EXERCISE ▸ Your copy of the entries below should hold exactly the lines from the one containing "hight resolution of" to the one containing "BLEDINA BLEDIDEJ Cacao", inclusive, and no pictures.

RECORDS FOR THE TASK ▸
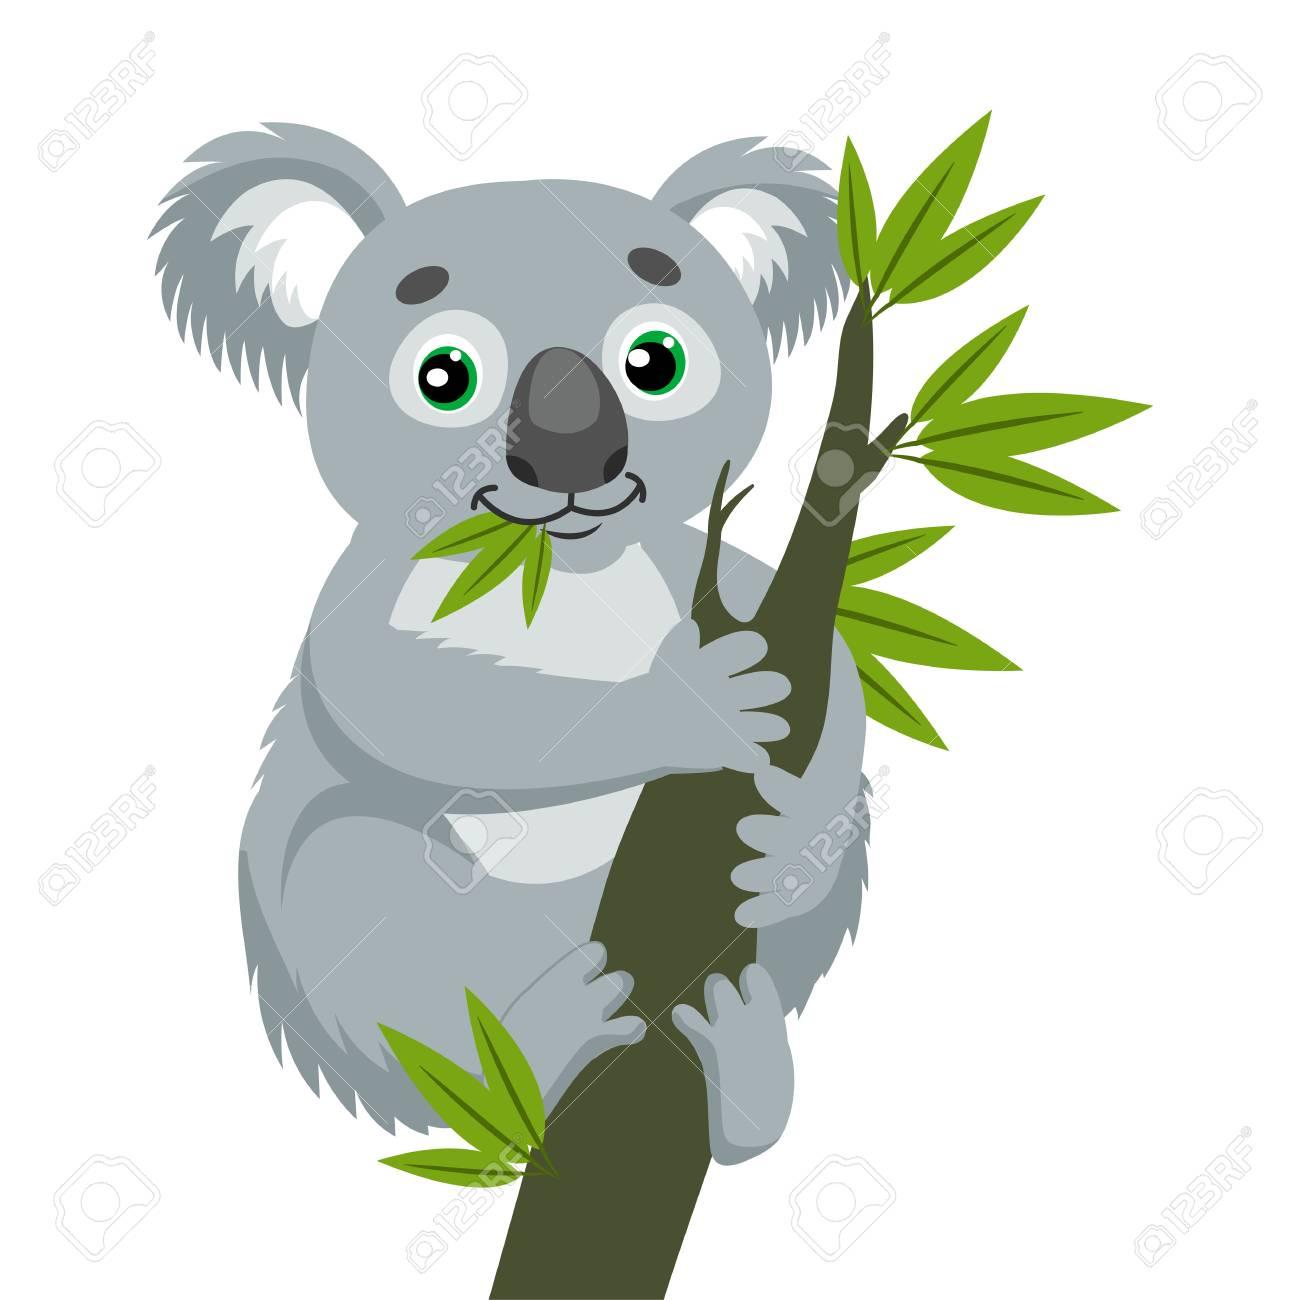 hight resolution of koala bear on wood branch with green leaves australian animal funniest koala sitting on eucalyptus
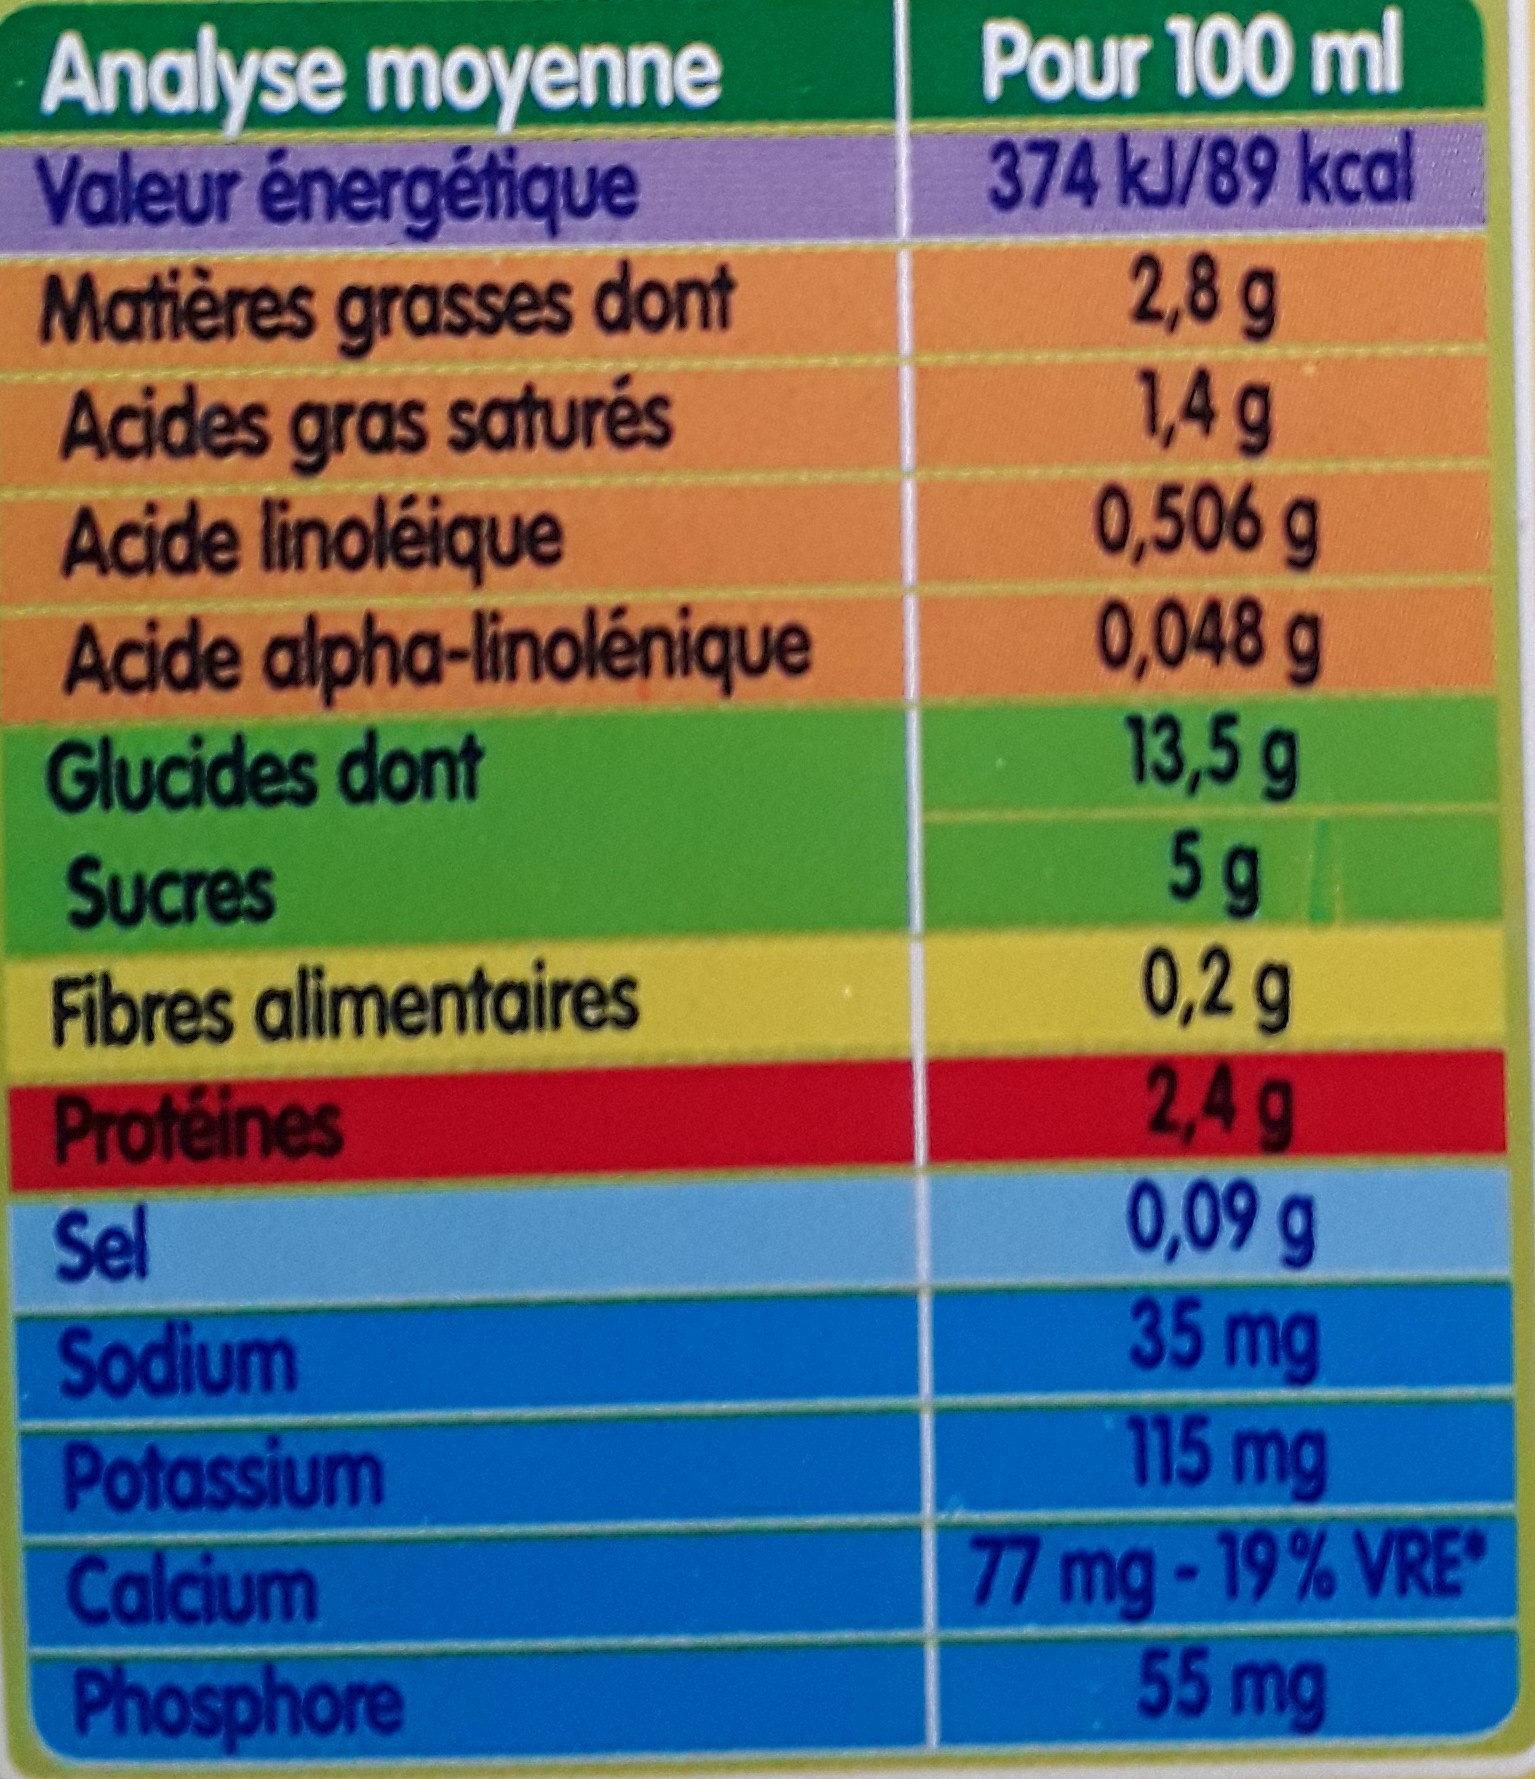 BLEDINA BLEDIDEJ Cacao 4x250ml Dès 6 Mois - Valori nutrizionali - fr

--

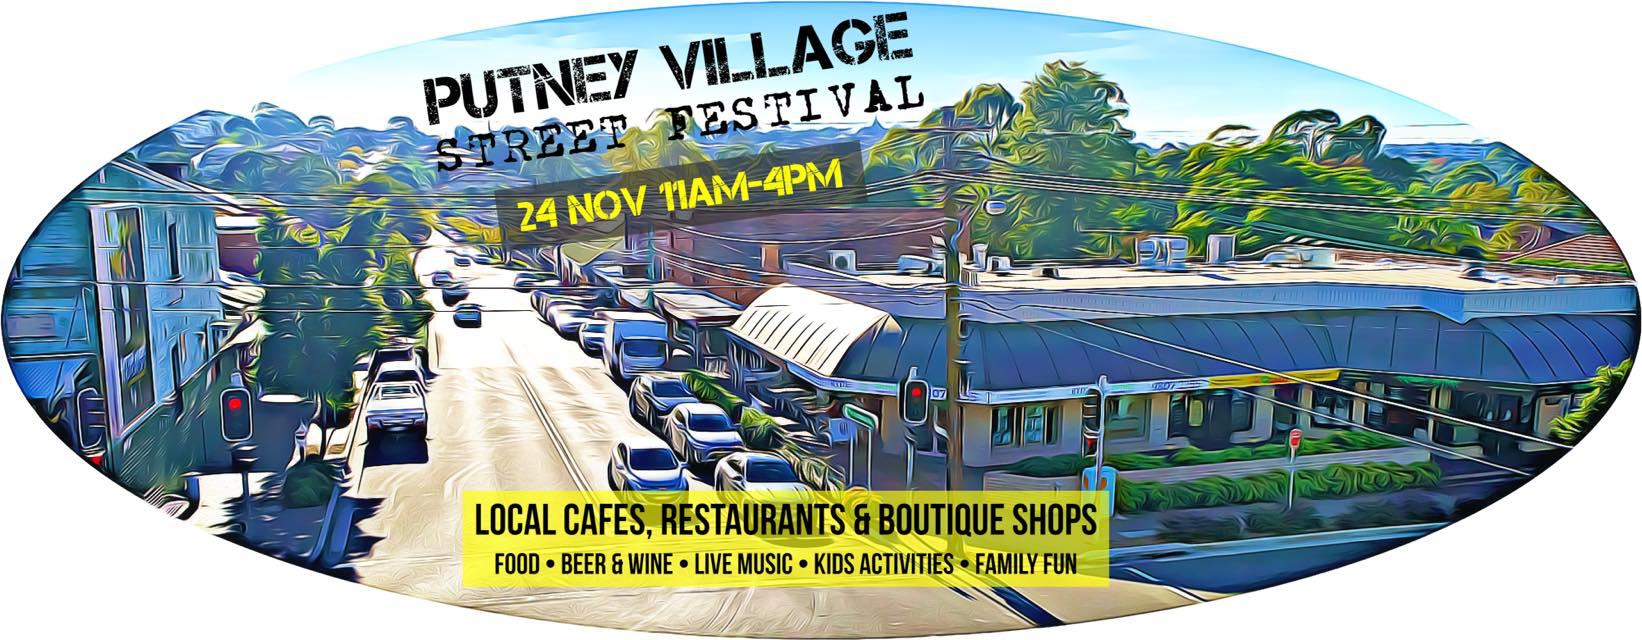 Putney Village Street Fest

OUTPUT BELOW ▸
 hight resolution of koala bear on wood branch with green leaves australian animal funniest koala sitting on eucalyptus
 BLEDINA BLEDIDEJ Cacao 4x250ml Dès 6 Mois - Valori nutrizionali - fr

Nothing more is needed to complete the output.